The Committee may, in its discretion, provide for the extension of the exercisability of an Option,
accelerate the vesting or exercisability of an Option or Restricted Stock award, eliminate or make
less restrictive any restrictions applicable to an Option or Restricted Stock award, waive any
restriction or other provision of this Plan or an Option or Restricted Stock award or otherwise
amend or modify an Option or Restricted Stock award in any manner that is either (i) not adverse to
the Optionee or holder of Restricted Stock to whom such Option or Restricted Stock was granted or
(ii) consented to by the Optionee or holder of Restricted Stock. The Committee may correct any
defect or supply any omission or reconcile any inconsistency in this Plan or in any award in the
manner and to the extent the Committee deems necessary or desirable to further the Plan purposes.
Any decision of the Committee in the interpretation and administration of this Plan shall lie
within its sole and absolute discretion and shall be final, conclusive and binding on all parties
concerned.

4. Shares Subject to Plan

     (a) A maximum of 3,888,482 Shares shall be subject to grants of Options or awards of
Restricted Stock under the Plan; provided, however, that of such number of Shares, no more than
350,000 Shares shall be subject to awards of Restricted Stock; and provided further, that such
maximum shall be increased or decreased as provided in Section 12 hereof. The Shares subject to
the Plan shall consist of unissued Shares or previously issued Shares reacquired and held by the
Company or any Affiliate.

     (b) At any time and from time to time after the Plan takes effect, the Committee, pursuant to
the provisions herein set forth, may grant Options and award Restricted Stock until the maximum
number of Shares shall be exhausted or the Plan shall be sooner terminated.

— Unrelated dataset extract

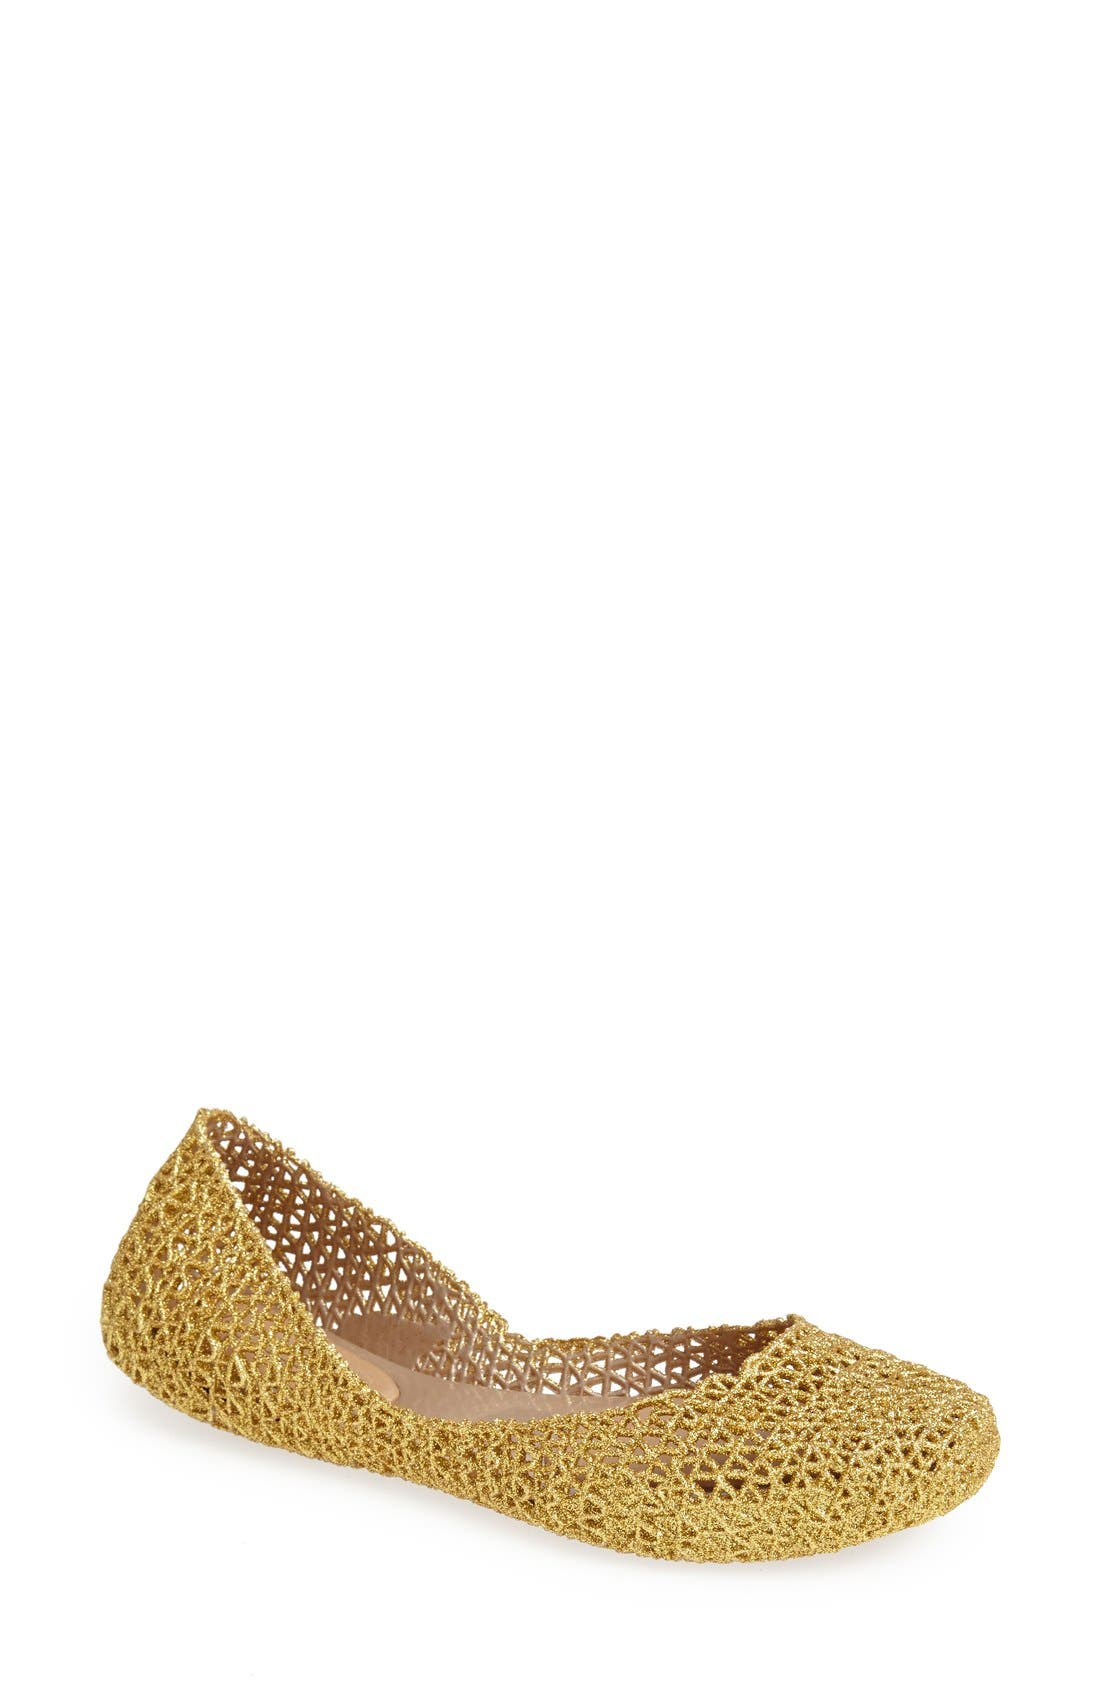 'Campana Papel Vii' Jelly Flat in Gold Glitter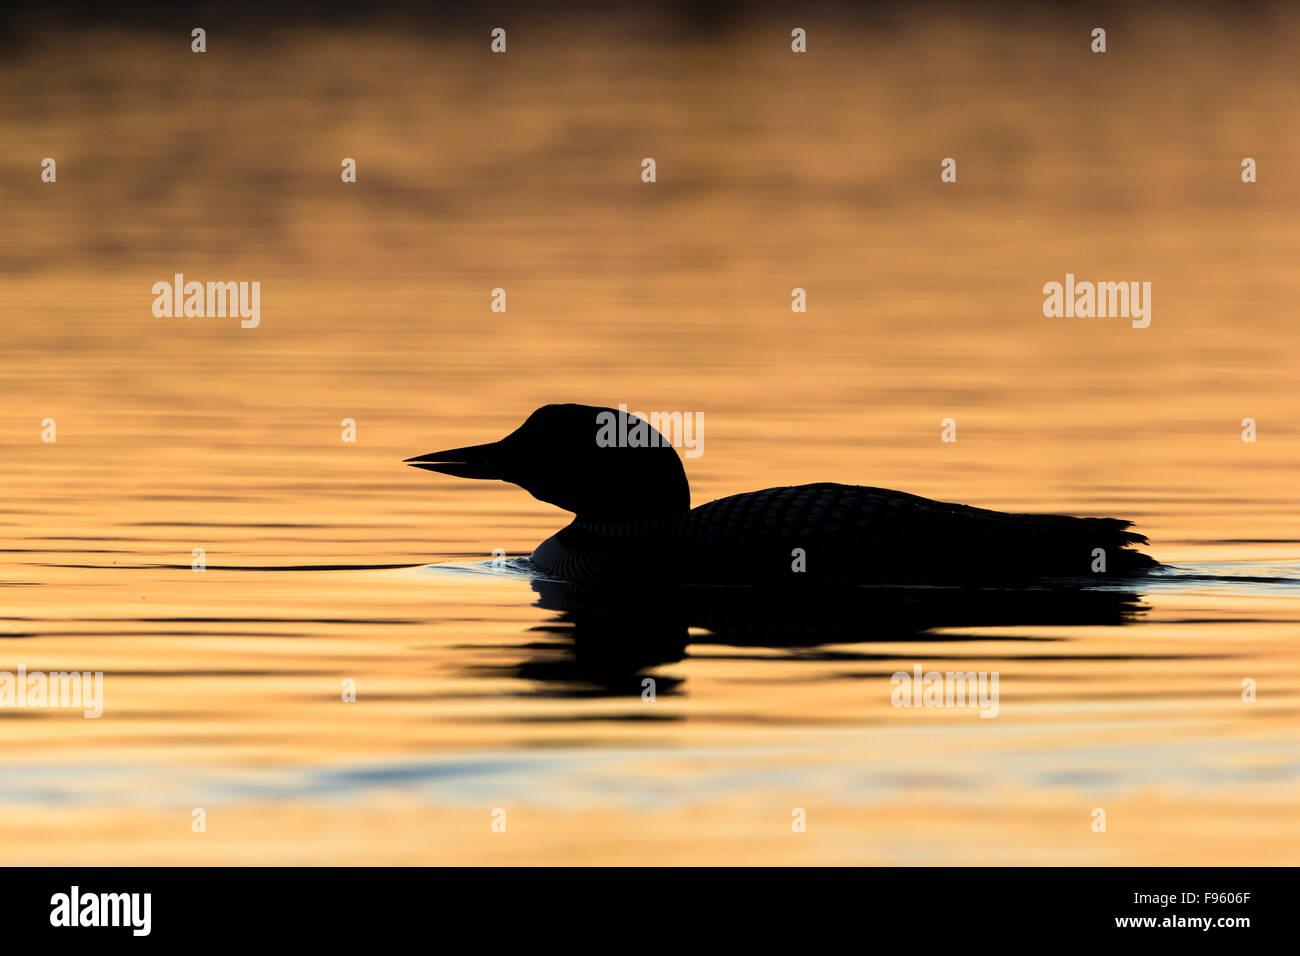 Common loon (Gavia immer), adult at sunrise, Lac Le Jeune, British Columbia. - Stock Image

     (c) If any Option expires or is canceled without being fully exercised or is settled in cash,
or if any Restricted Stock previously awarded is reacquired by the Company, the number of Shares
with respect to which such Option shall not have been exercised prior to its expiration or
cancellation and the number of Shares of such Restricted Stock so reacquired may again be optioned
or awarded pursuant to the provisions hereof.

     (d) If the option price or any applicable tax withholding obligation payable upon exercise of
an Option is satisfied by the tender or withholding of Shares to or by the Company (by either
actual delivery or attestation), the number of Shares so tendered or withheld shall be eligible for
reissuance under the Plan.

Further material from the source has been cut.